Joel: Yeah. Are we sure that the title Hung Lee Video Party didn't get out on social media somewhere and get mistaken

Chad: Should have.

Joel: ... for like pornstar aroma and have a bunch of people show up? I don't know, I'm not convinced.

Chad: It's good marketing.

Joel: Sounds like a lot of fun. Sounds like a lot of fun. I'm going to start off my shout-outs with a little counter punch to our favorite millennial Holland McCue. If you listened to last week's show, and I believe you took her side if I remember correctly.

Chad: Of course.

Joel: I didn't quite understand the millennial breakdown and how much hardship that they have seen in their life having gone through 2008. Well, a New York Times article came out this week talking about millennials and how they haven't really had much hardship economically up until now and that this is a real punch in the gut. The first sentence of the story was basically, so-and-so was in high school when 2008 happened and it seemed like something far, far away. You guys can be in one corner and the New York Times and Joel Cheesman will be in the other corner, and I'll take that bet.

Chad: Well, it's funny because I was speaking to Kyle, our show millennial this week.

Joel: Uh-huh (affirmative).

Chad: And a couple of others, and I think what we've all come to understand is that, Joel, you're really a closeted millennial. Whiner, always pointing the fingers at other people, I mean all of the basic things that you point at millennials, I mean it's one of those, oh, wait a minute, Trump kind of things, I'm pointing over there, but really it's me. Yeah. Thanks to all of our millennials for listening and connecting with me to really break this out that Joel is just a closeted millennial. Good job, guys.

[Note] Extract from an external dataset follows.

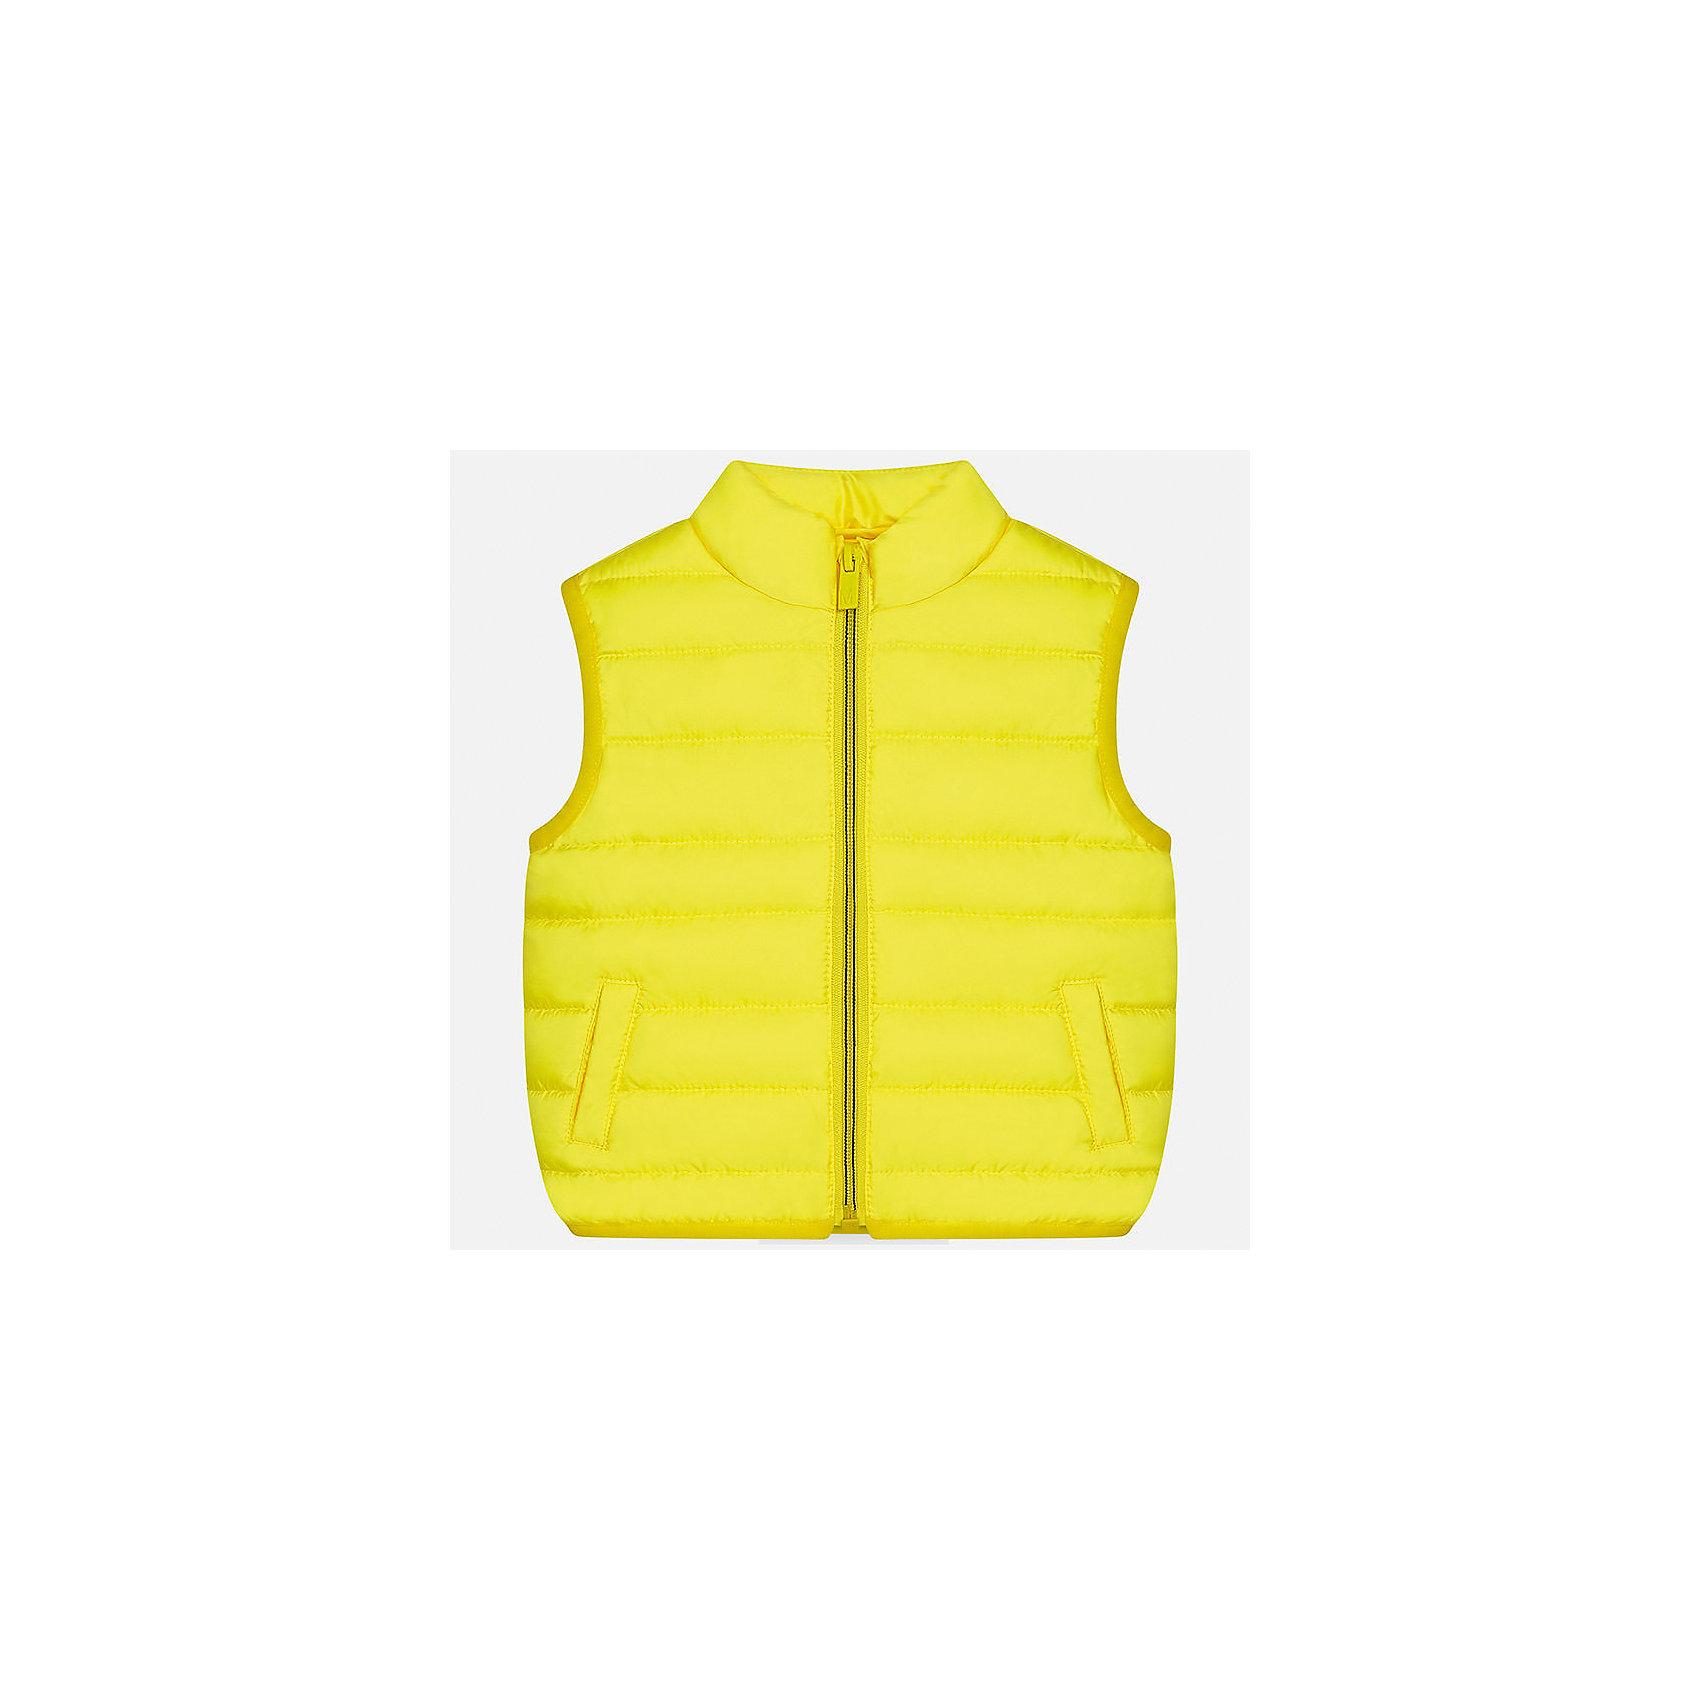 Жилет для мальчика MayoralВерхняя одежда<br>Характеристики товара:<br><br>• цвет: жёлтый<br>• состав: 100% полиэстер<br>• температурный режим: +10°до +20°С<br>• без рукавов<br>• карманы<br>• молния <br>• воротник - стойка<br>• страна бренда: Испания<br><br>Стильный жилет для мальчика поможет разнообразить гардероб ребенка и обеспечить тепло. Он отлично сочетается и с джинсами, и с брюками. Универсальный цвет позволяет подобрать к вещи низ различных расцветок. Модное и практичное изделие.<br>Одежда, обувь и аксессуары от испанского бренда Mayoral полюбились детям и взрослым по всему миру. Модели этой марки - стильные и удобные. Для их производства используются только безопасные, качественные материалы и фурнитура. Порадуйте ребенка модными и красивыми вещами от Mayoral! <br><br>Жилет для мальчика от испанского бренда Mayoral (Майорал) можно купить в нашем интернет-магазине.<br><br>Ширина мм: 190<br>Глубина мм: 74<br>Высота мм: 229<br>Вес г: 236<br>Цвет: желтый<br>Возраст от месяцев: 18<br>Возраст до месяцев: 24<br>Пол: Мужской<br>Возраст: Детский<br>Размер: 92,86,80<br>SKU: 5279553

Joel: I'm going to argue that I'm bleeding over into like Clint Eastwood, grand El Camino or whatever that movie was, where like, get off my yard. I feel like I'm less about being younger than I am getting into like, get off my yard stratosphere.

Chad: As I'd said before, I think you focus too much cohort groups. A super marathon shout out to Liz Van Zyl, or Zyl, Van Zyl, Van Zyl, she's in Australia and they probably say it a hell of a lot more sexy than I do, from PASS Technology. I was sitting just sitting back and watching the Recruiting Brainfood marathon happening, I was waiting for a vendor pitch to start.The vendor was late and Liz saw me over on the side. She brought me on screen to fill time, like comedy relief or something and then she kept me on asking vendors questions for the next half hour or so. Nothing is better than being an impromptu guest host, so thanks so much Liz, I appreciate that.

Joel: Nice. Nice. Did she have any Foster's? It's Australian for beer.

Chad: Yeah. No Foster's on her.

Joel: Shout-out for me from TikTok. TikTok this week released that they'll be hiring 10,000 people. And there was also a study by Piper Sandler, no shit, Sherlock News this week, Snapchat, Instagram and TikTok are the favorite apps of teenagers and young adults. Shout-out to them.

Chad: I have to say I love me some TikTok. Some rapid fire shout-outs, new listeners, longtime listeners all the way around, Matt Stone, director of Talent Acquisition at Rock Central, Anthony Peter over at ZipRecruiter.

Joel: Nice.

Chad: Chris Richards and Jonathan Abreau over at iCMS.

Joel: Abreua.

Chad: Abreau, he's a bro dude. And last in my quick shout-outs is the shout out to the dude in Indiana who received $8.2 million in stimulus money.

SFX: Hell yeah.

Chad: He walks into an ATM to pull out $200, right? And he looked at his balance and it was over 8.2 million in his account from the stimulus money that apparently our government is just throwing out in chunks and hoping that he will distribute it for them, I guess.